• _WHAT IS BEING ASKED_: Beginning at the line that contains "Kirketårnet til Den", reproduce the entries below exactly, ending with the line that contains "Protest spontan, astăzi, la". Omit each picture.

• _GIVEN DATA_:
______
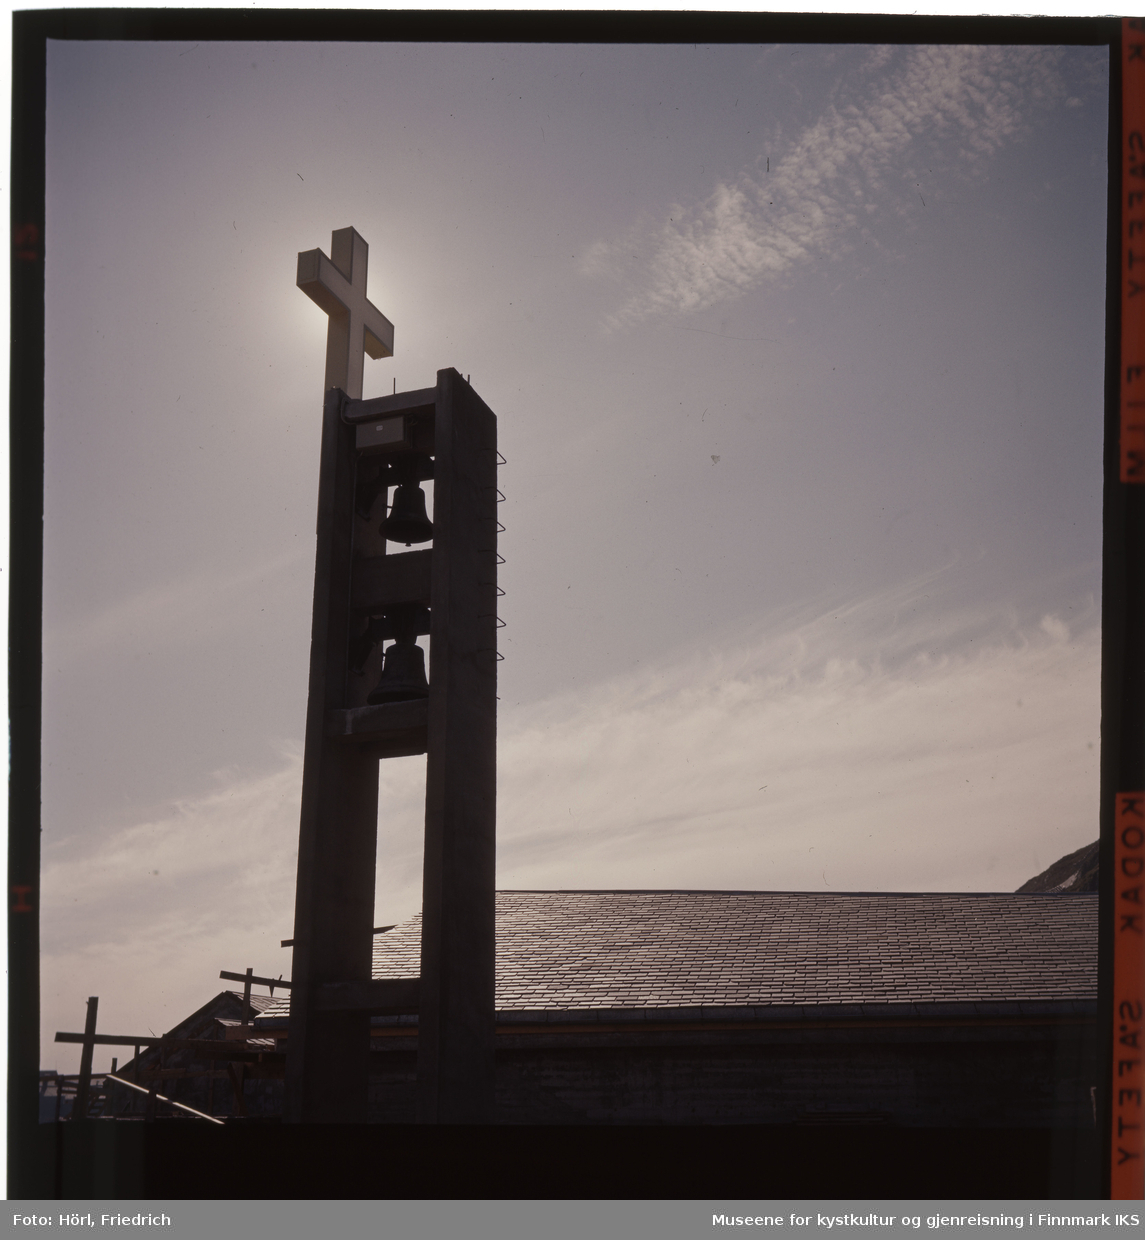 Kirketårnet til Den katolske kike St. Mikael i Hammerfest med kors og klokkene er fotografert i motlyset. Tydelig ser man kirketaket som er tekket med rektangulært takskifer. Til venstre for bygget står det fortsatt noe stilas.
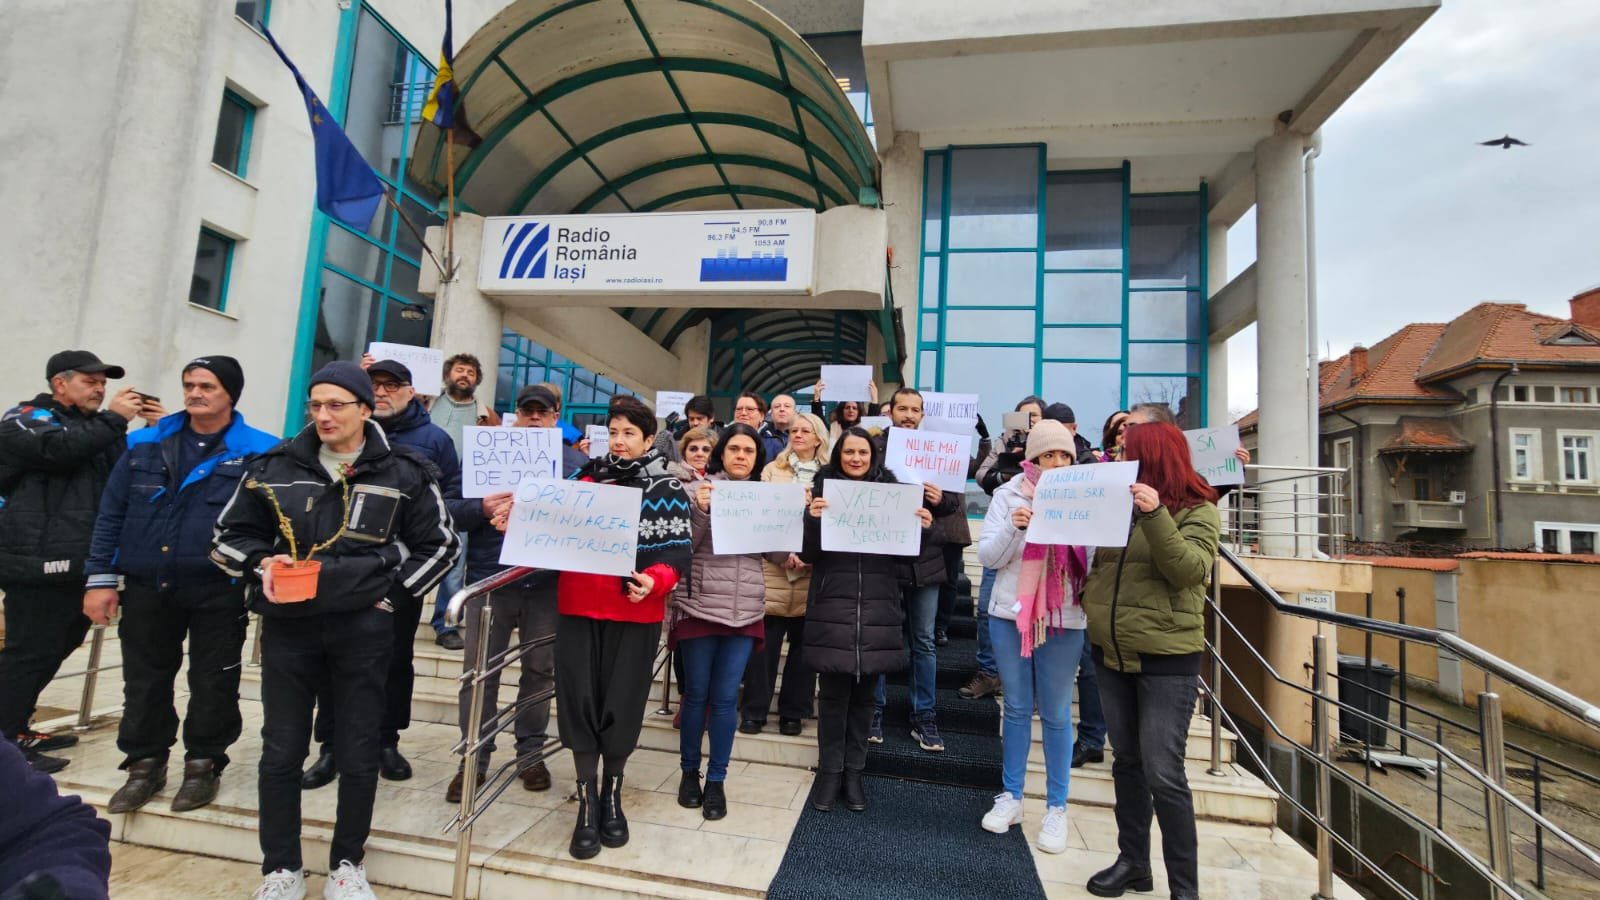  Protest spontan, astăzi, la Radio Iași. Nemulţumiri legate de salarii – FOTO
______
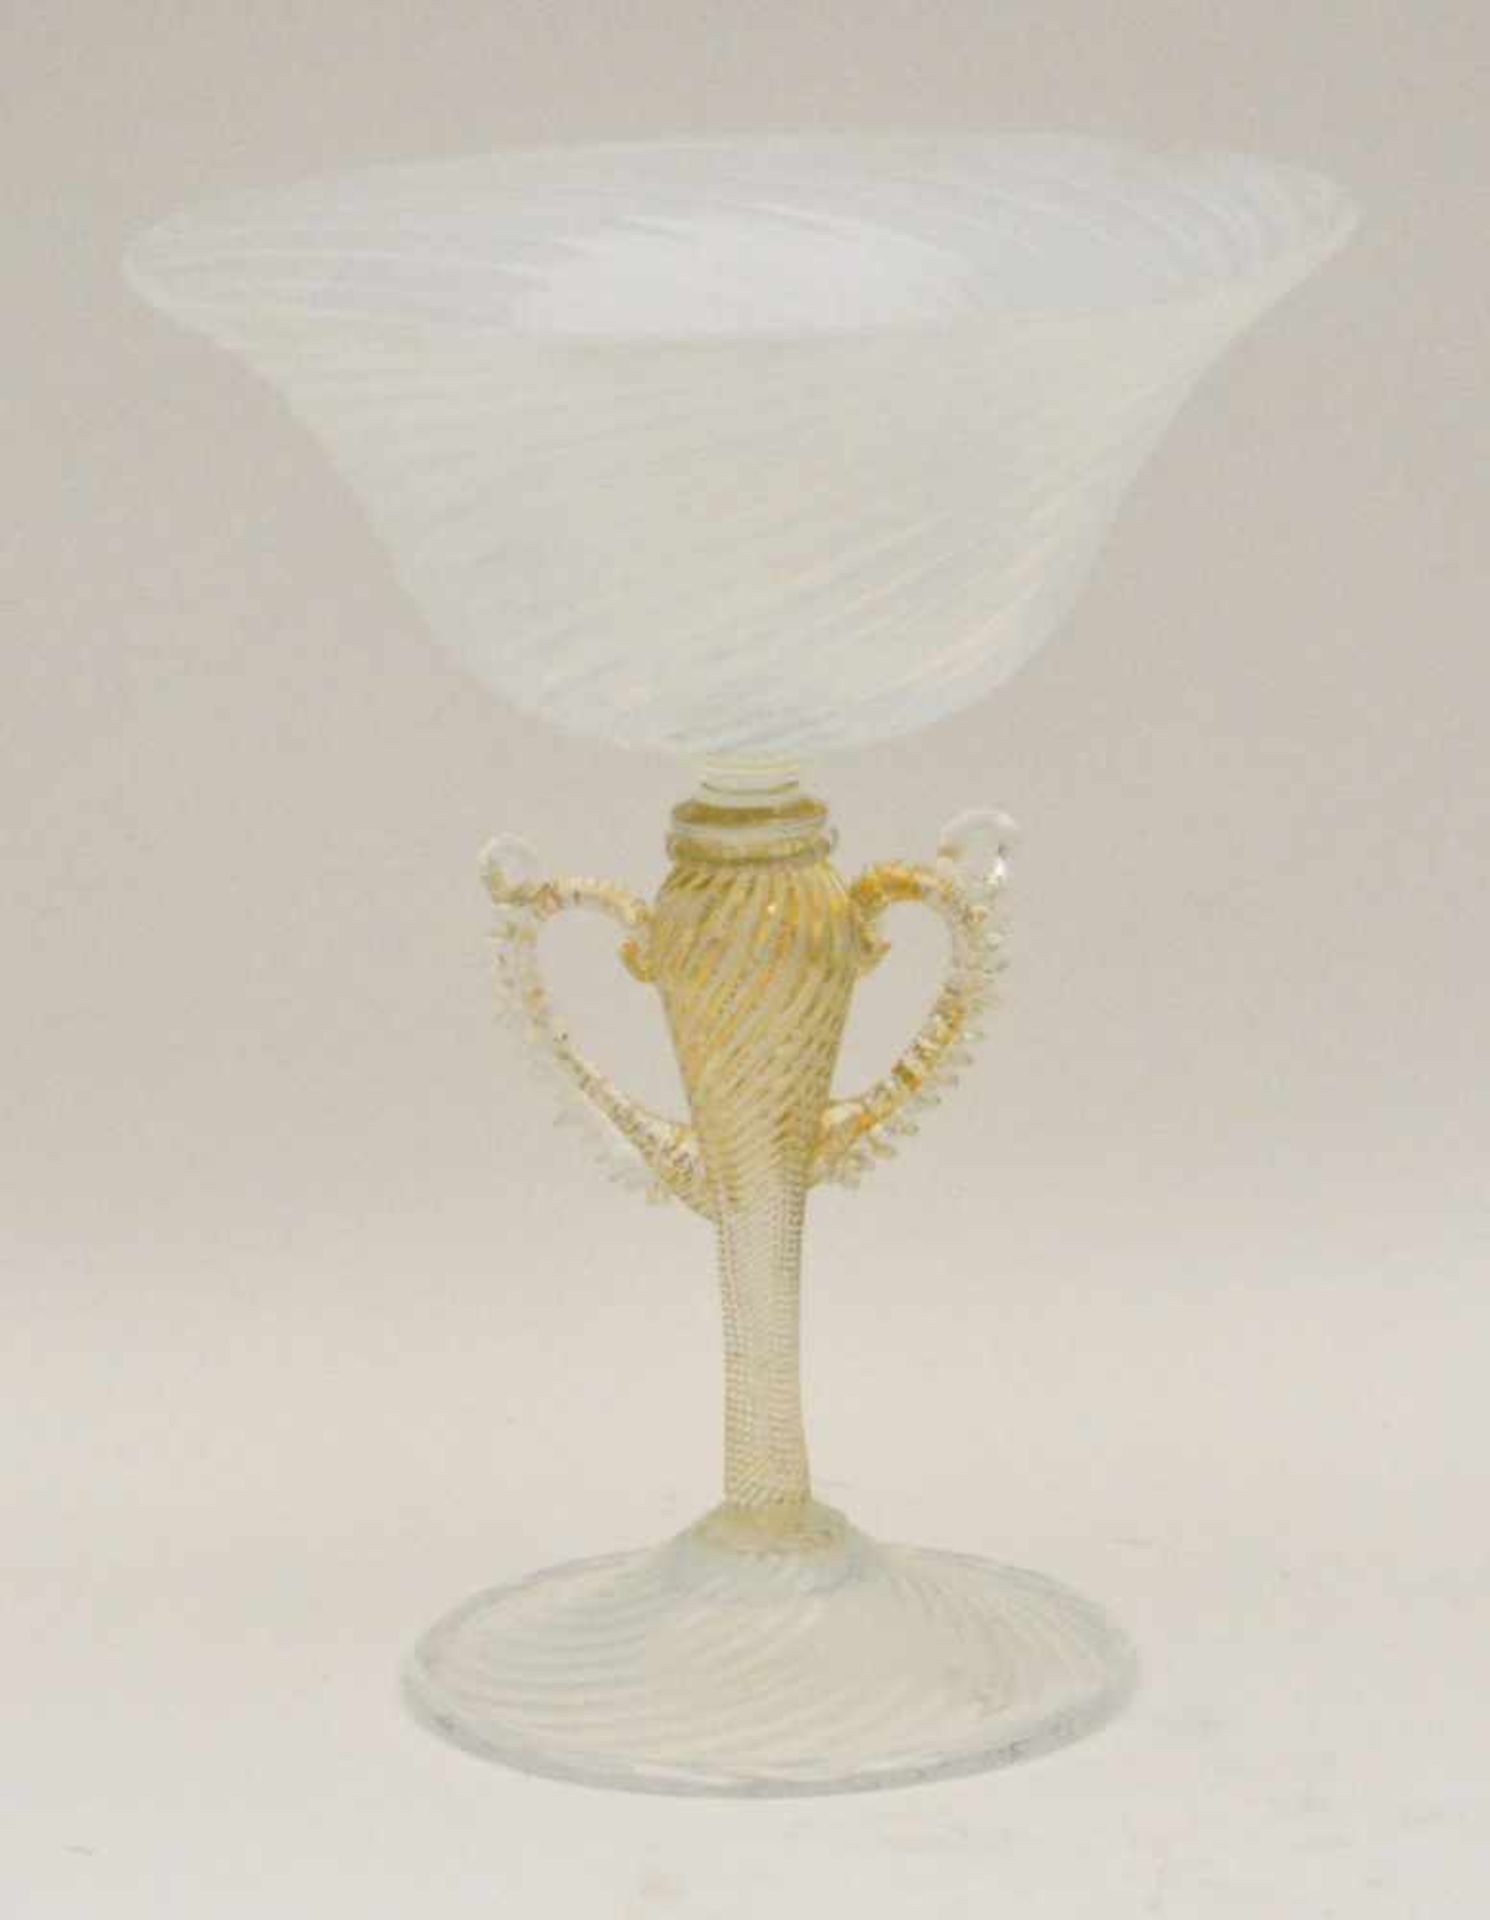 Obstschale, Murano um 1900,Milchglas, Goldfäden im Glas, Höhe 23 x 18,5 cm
______
• _TASK SOLUTION_:
 Kirketårnet til Den katolske kike St. Mikael i Hammerfest med kors og klokkene er fotografert i motlyset. Tydelig ser man kirketaket som er tekket med rektangulært takskifer. Til venstre for bygget står det fortsatt noe stilas.
  Protest spontan, astăzi, la Radio Iași. Nemulţumiri legate de salarii – FOTO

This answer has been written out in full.